ConsulDoesNotExistAlarm

Description

There are no Consul server pods in namespace.

Possible Causes

  • Consul Server pod failures or unavailability.
  • Resource constraints impacting Consul Server pod performance.
  • Consul Server stateful set is scaled down to 0 intentionally or due to incorrect installation.

Impact

  • Complete unavailability of the Consul cluster.

Actions for Investigation

  1. Check if the Consul Server pods exist.
  2. Check if the Consul Server stateful set exists and has at least one desired pod.
  3. Verify resource utilization of Consul Server pods (CPU, memory).
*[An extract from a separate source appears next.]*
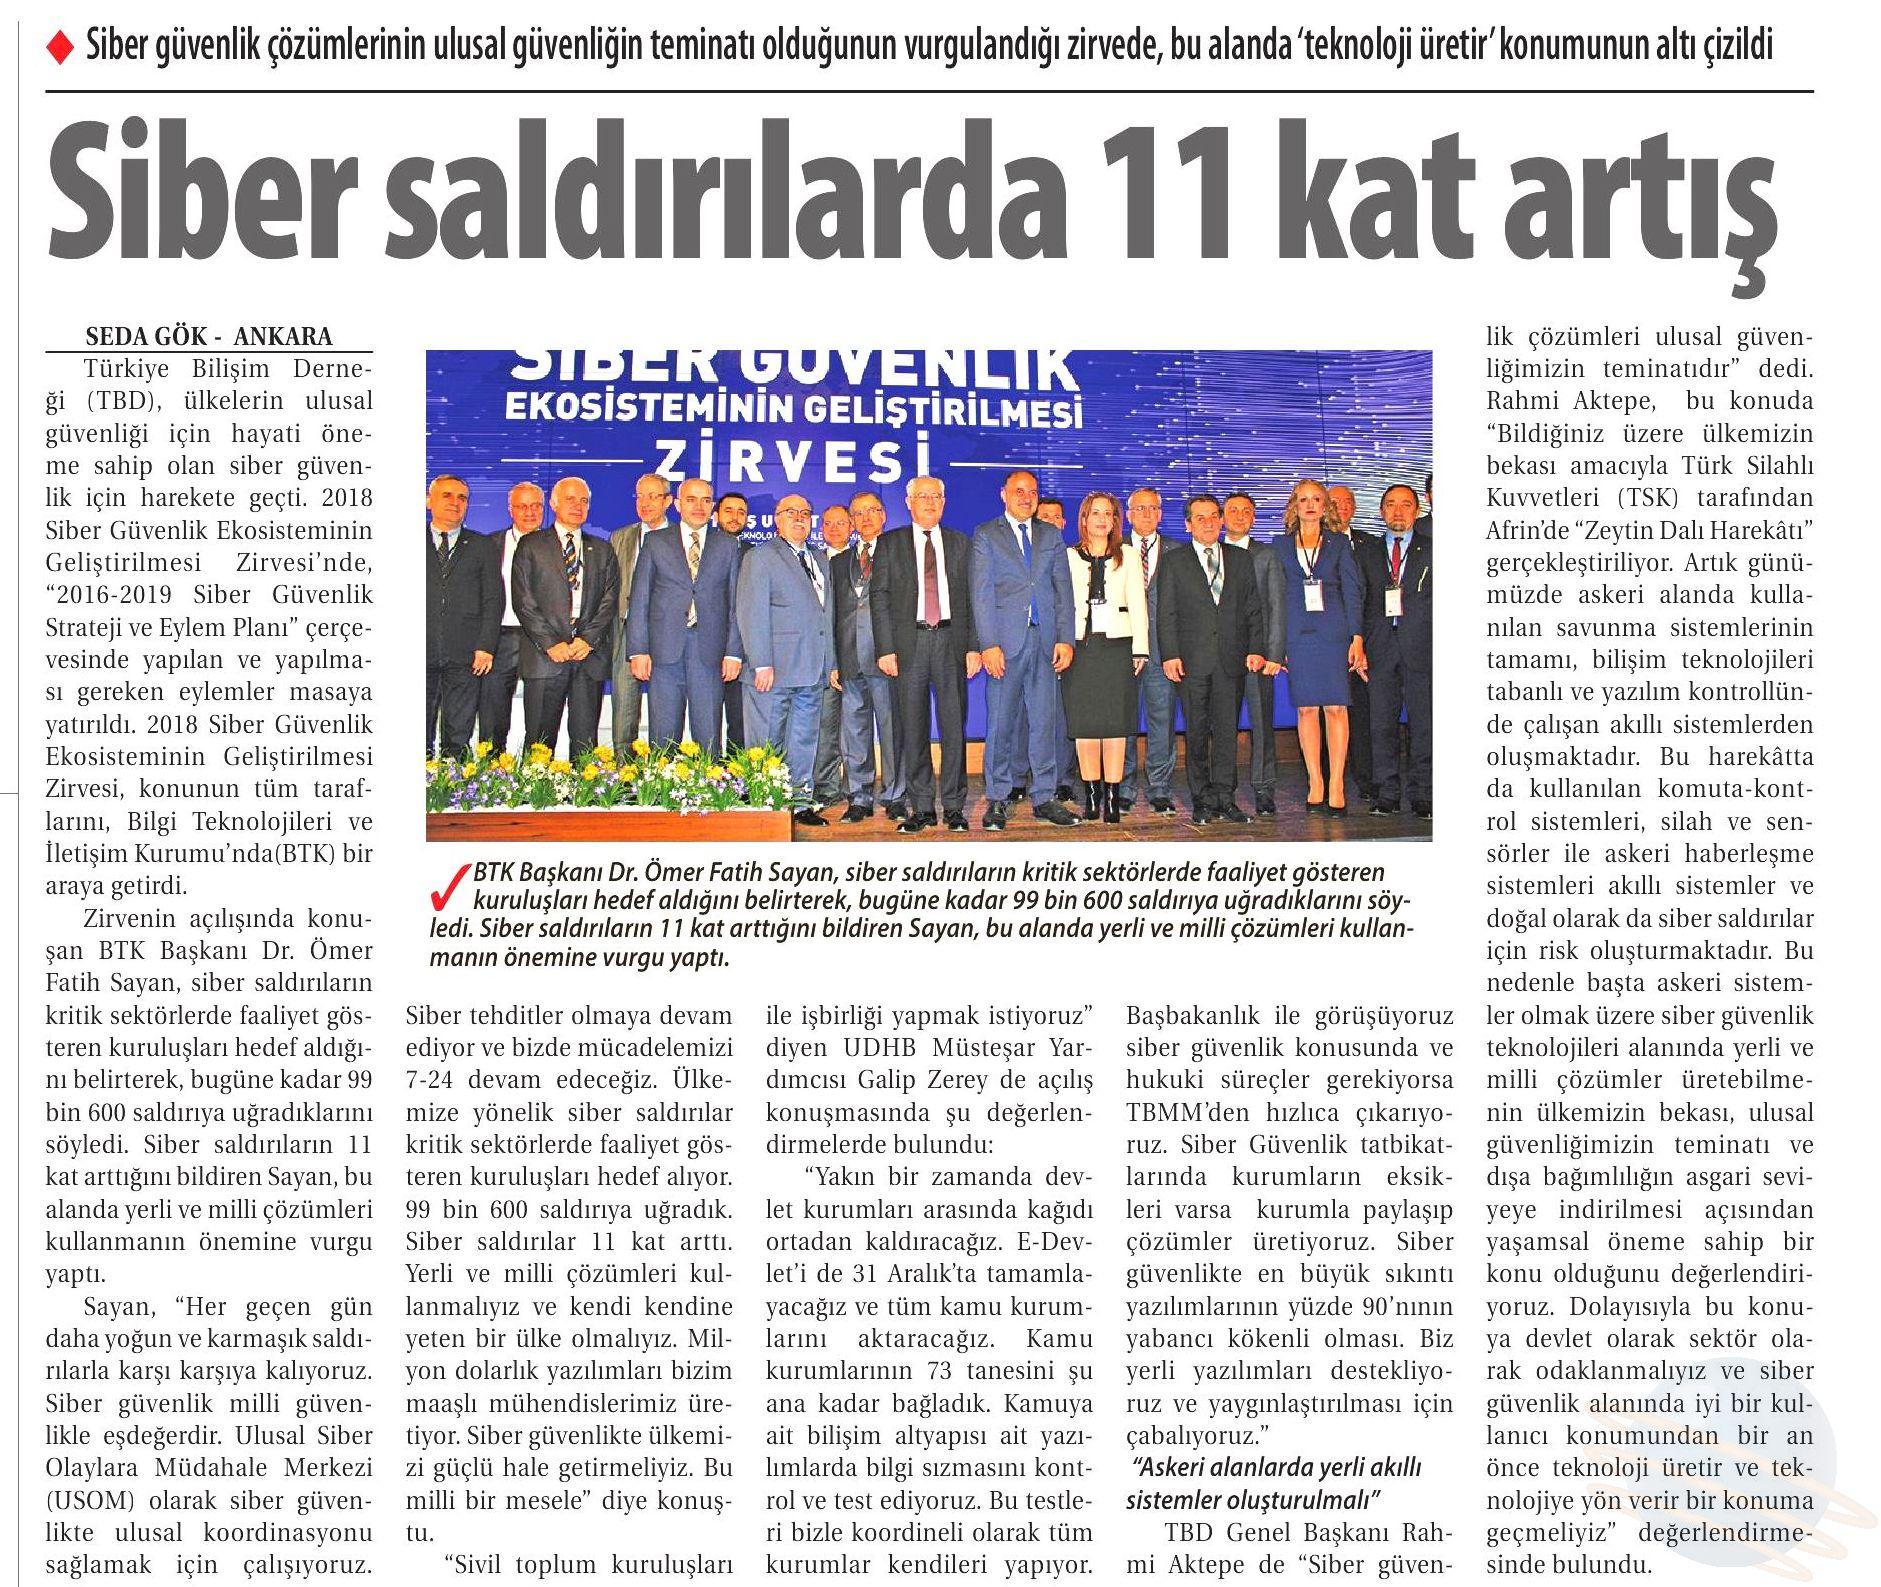 siber-saldirilarda-11-kat-artis-ticaret-gazetesi-tbd

Recommended Actions to Resolve Issue

  1. Scale-in or redeploy Consul Service pods if stateful set is in failed state.
  2. Investigate and address any resource constraints affecting the Consul Server pod performance.

ConsulIsDegradedAlarm

Description

Consul cluster is degraded, it means that at least one of the nodes have failed, but cluster is able to work.
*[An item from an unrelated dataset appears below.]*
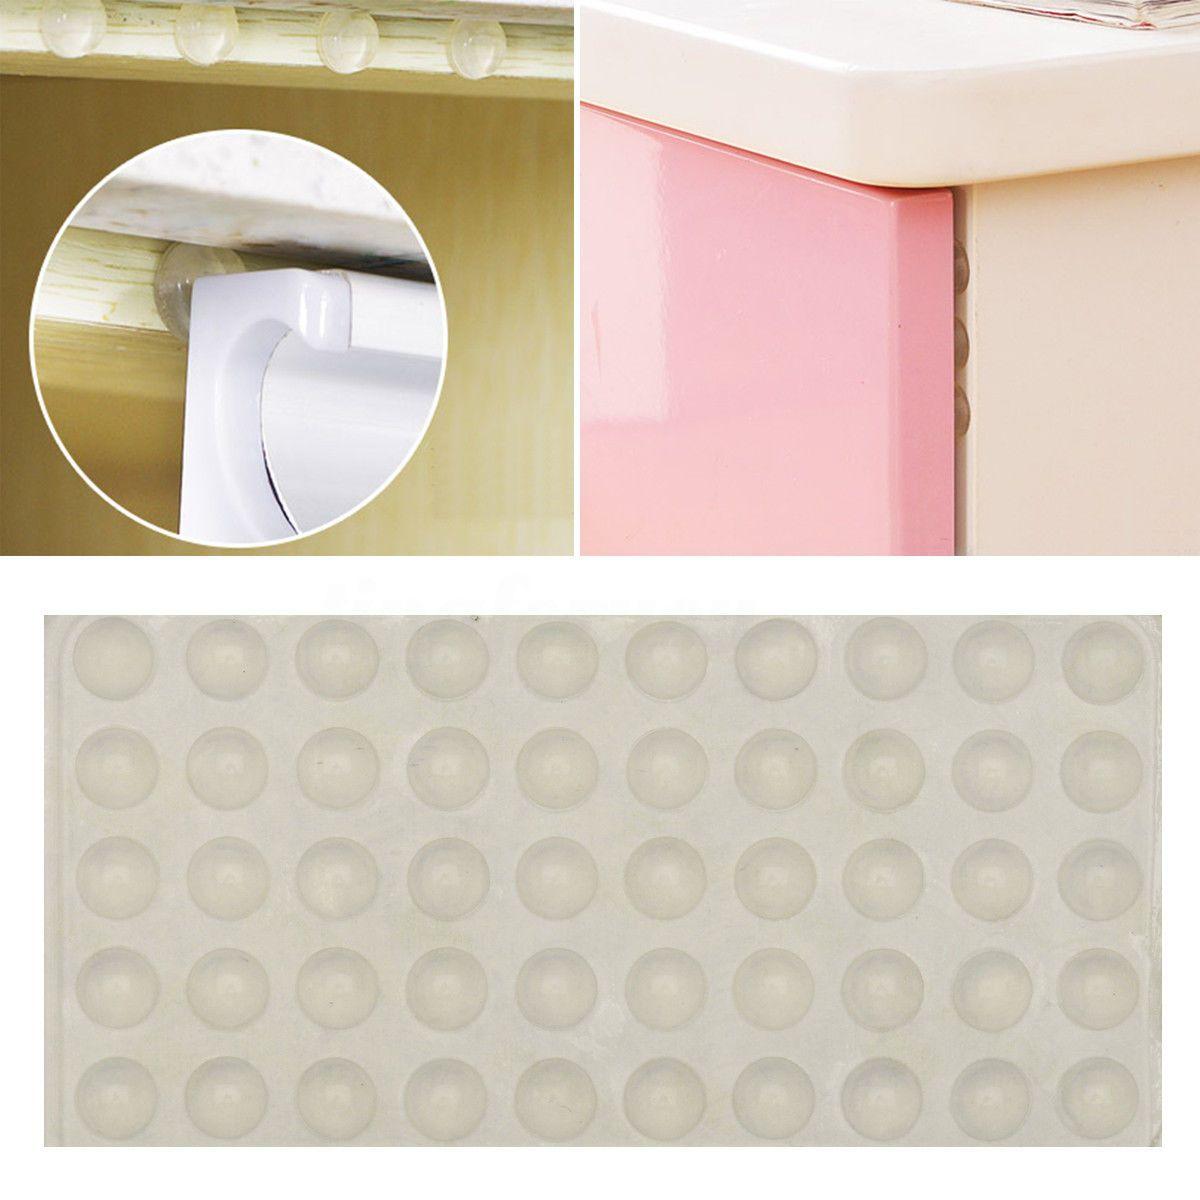 New Rubber Cabinet Door Bumpers

For more information refer to Leader Server Failure.

Possible Causes

  • Consul Server pod failures or unavailability.
  • Resource constraints impacting Consul Server pod performance.

Impact

  • Reduced or disrupted functionality of the Consul cluster.
  • Potential impact on processes relying on the Consul.

Actions for Investigation

  1. Check the status of Consul Server pods.
  2. Review logs for Consul Server pods for any errors or issues.
  3. Verify resource utilization of Consul Server pods (CPU, memory).

Recommended Actions to Resolve Issue

  1. Restart or redeploy Consul Server pods if they are in a failed state.
  2. Investigate and address any resource constraints affecting the Consul Server pod performance.

ConsulIsDownAlarm

Description

Consul cluster is down, and there are no available pods.

For more information refer to All Servers Failure.

Possible Causes

  • Network issues affecting the Consul Server pod communication.
  • Consul Server's storage is corrupted.
  • Internal error blocks Consul Server cluster working.

Impact

  • Complete unavailability of the Consul cluster.
  • Other processes relying on the Consul cluster will fail.

Actions for Investigation

  1. Check the status of Consul Server pods.
  2. Review logs for Consul Server pods for any errors or issues.
  3. Verify resource utilization of Consul Server pods (CPU, memory).

Recommended Actions to Resolve Issue

  1. Restart or redeploy Consul Server pods if they are in a failed state.
  2. Investigate and address any resource constraints affecting the Consul Server pod performance.

ConsulCPULoadAlarm

Description

One of Consul Server pods uses 95% of the CPU limit.

For more information refer to CPU Limit.

Possible Causes

  • Insufficient CPU resources allocated to Consul Server pods.
  • The service is overloaded.

Impact

  • Increased response time and potential slowdown of Consul requests.
  • Degraded performance of services used the Consul.
  • Potential Consul server failure when CPU consumption reaches resource limit for particular Consul server.

Actions for Investigation

  1. Monitor the CPU usage trends in Consul Monitoring dashboard.
  2. Review Consul Server logs for any performance related issues.

Recommended Actions to Resolve Issue

  1. Try to increase CPU request and CPU limit for Consul Server.
  2. Scale up Consul cluster as needed.

ConsulMemoryUsageAlarm

Description

One of Consul Server pods uses 95% of the memory limit.

For more information refer to Memory Limit.

Possible Causes

  • Insufficient memory resources allocated to Consul Server pods.
  • Service is overloaded.

Impact

  • Potentially lead to the increase of response times or crashes.
  • Degraded performance of services used the Consul.

Actions for Investigation

  1. Monitor the memory usage trends in Consul Monitoring dashboard.
  2. Review Consul Server logs for memory related errors.

Recommended Actions to Resolve Issue

  1. Try to increase Memory request and Memory limit for Consul Server.
  2. Scale up Consul cluster as needed.